In the pack?” “Good.”
“Now, you might see a bus go by.”
“Bus?”
“If you see a box full of people being pulled by a tug, and they're looking out the windows at you, just look back. I'll wave it on.”
“Tug?”
“Tractor. Pulling machine. You see them a lot. Back at the Windfarm, that was a tug pulling the speckles cart.”
Oh, that was a tug. “A flat metal thing that hugs the ground? Hip high. The top is Begley cloth?”
Barda nodded.
The light had faded to a silver circle above the west: Quicksilver light blurred by haze.
The bridge was wood. It wasn't in good shape, with only one handrail, and it shook as they crossed.
The Swan loomed, a lightless shadow against a hillside, twice the size of Bloocher Farm. Brenda's jittery voice led him toward it. “That bridge will need some serious repair. Place hasn't collapsed; good. What do you think, go in the front?”
“Is there a bell? Bloocher Farm had a bell.”
The front door was twice a man's height. Barda waved her arms about. “The bell rope's gone. I think Daddy's gone too, and he took the bell. Daddy, it's Barda!”
They listened. Barda whispered, “No lights. The sign is out. You don't close an inn at night. You just charge higher if they wake you up. Daddy, it's Barda! I've brought a-“ A nice hesitation. ”-friend!”
Nothing.
Barda pulled and pushed the door. “Locked. Come on around.”

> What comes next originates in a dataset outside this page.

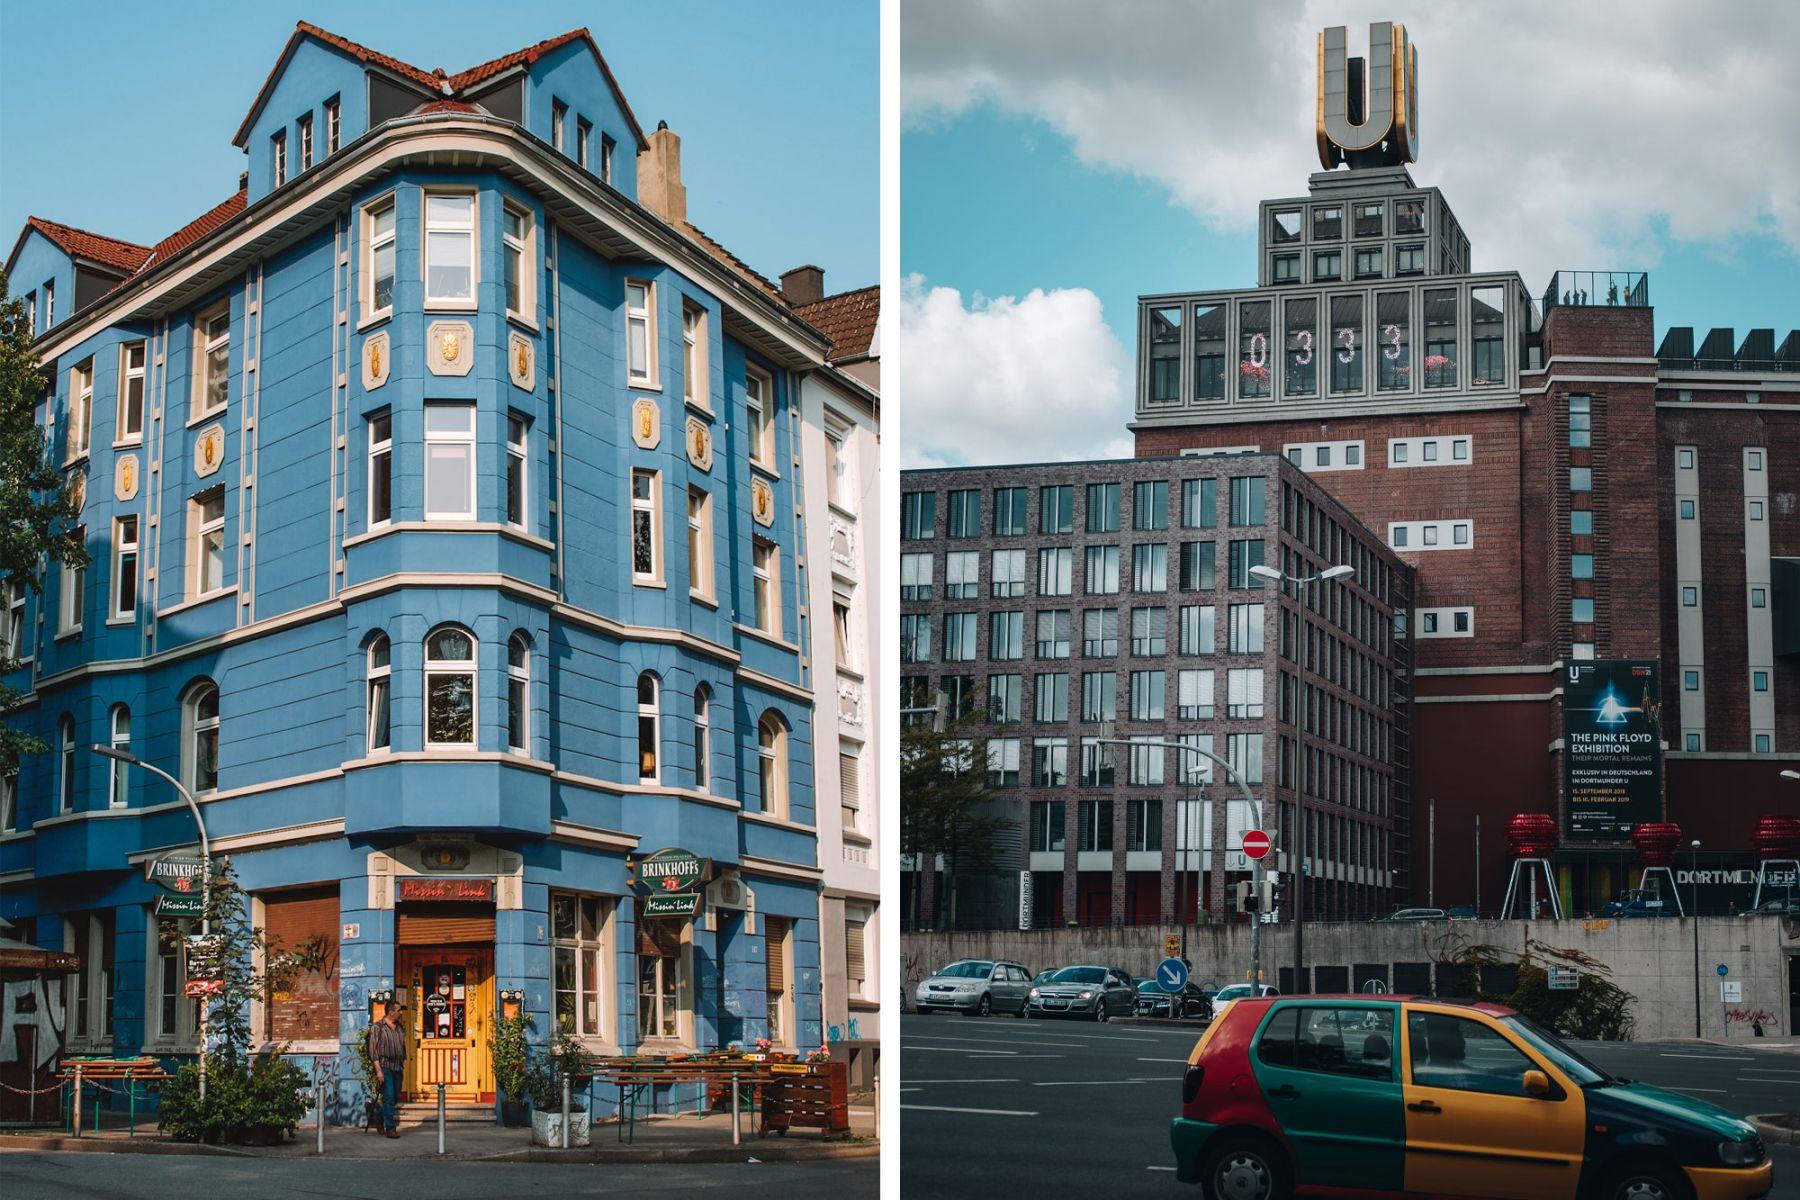 Foto van Kreuzviertel in Dortmund, en het museum Dortmunder U | Credits: Wanderlust.nl & Carsten Behle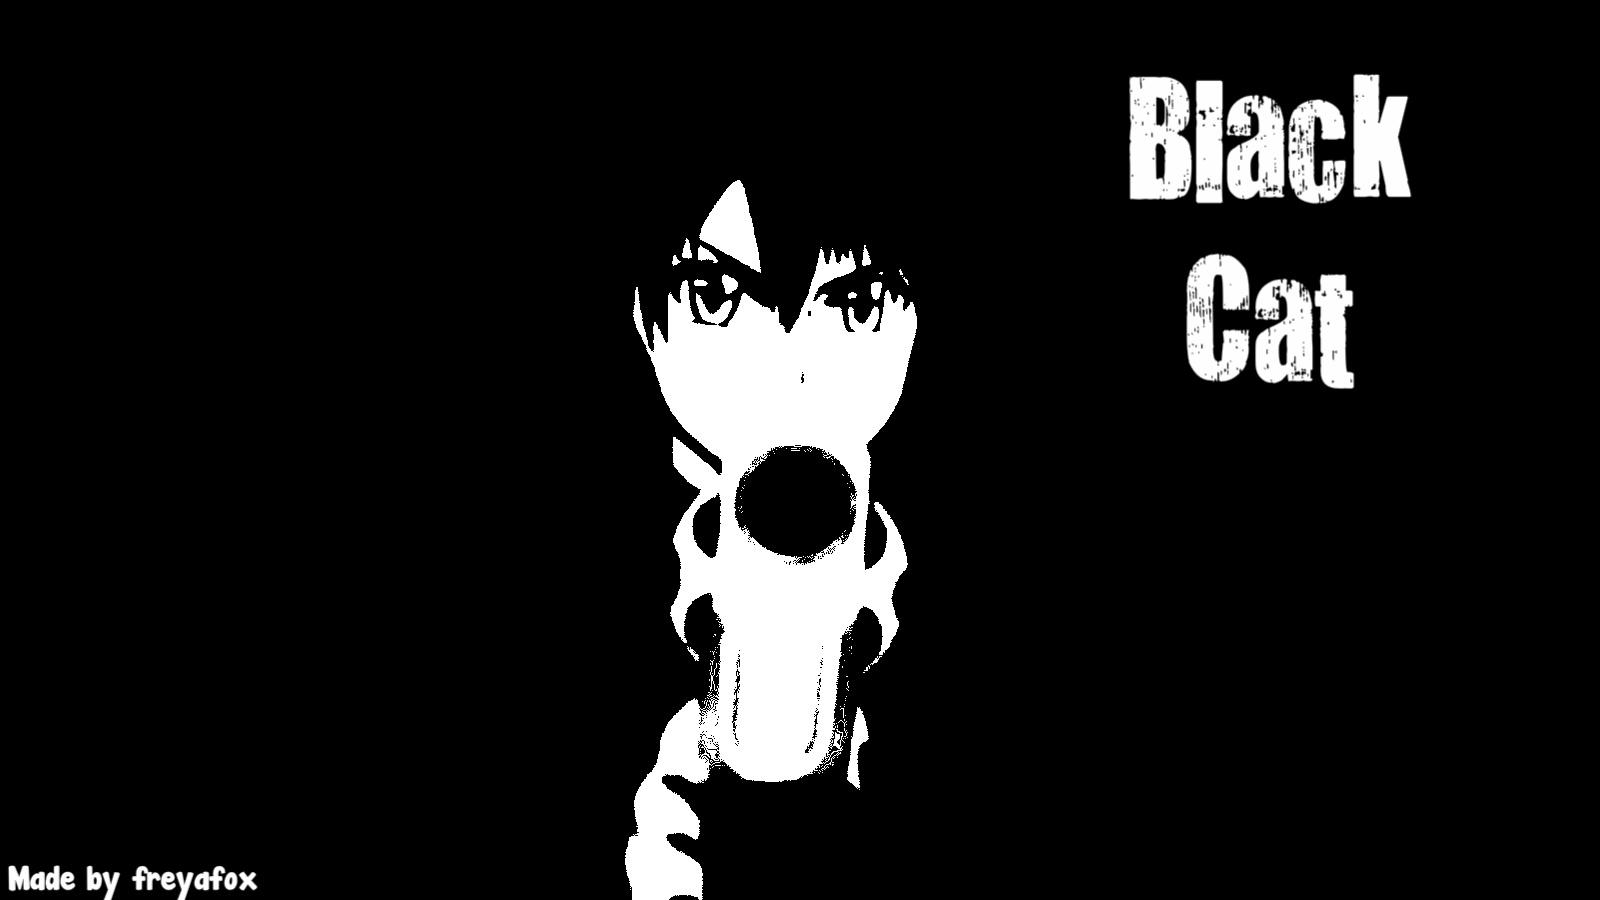 Free Download Black Cat Images Black Cat Wallpaper Hd Wallpaper And Background 1600x900 For Your Desktop Mobile Tablet Explore 29 Black Cat Anime Wallpapers Black Cat Anime Wallpaper Black

The kitchen door was lower and wider, wide enough to pass a cart. Barda pulled and it swung open. “The lock's broken.”
Jemmy suggested: “Duncan?”
“Sure. Well, come in. Here.” She hooked her fingers into his waistband and led him. There was nothing else to guide him, but Barda moved by memory and scent.
“Not even night-lights. Daddy must have taken the guide spot with him. Kitchen,” she said, and he smelled old food smells and smoke.
“Dining hall. Wow, he took the tables and chairs too, and the carts. Stairs here. Watch it! There was a banister. Stay along the wall.” And, “These were the guest rooms.”
“Sounds good to me.”
But she kept moving, down to the end and another flight of stairs. Then a strange smell, flowery-“My room. Watch your feet.”
He'd kicked something. “What's that?”
“Don't know. Clutter. We'll have to sleep on the floor.”
“No wind? No rain? And they left us a rug. I like it.”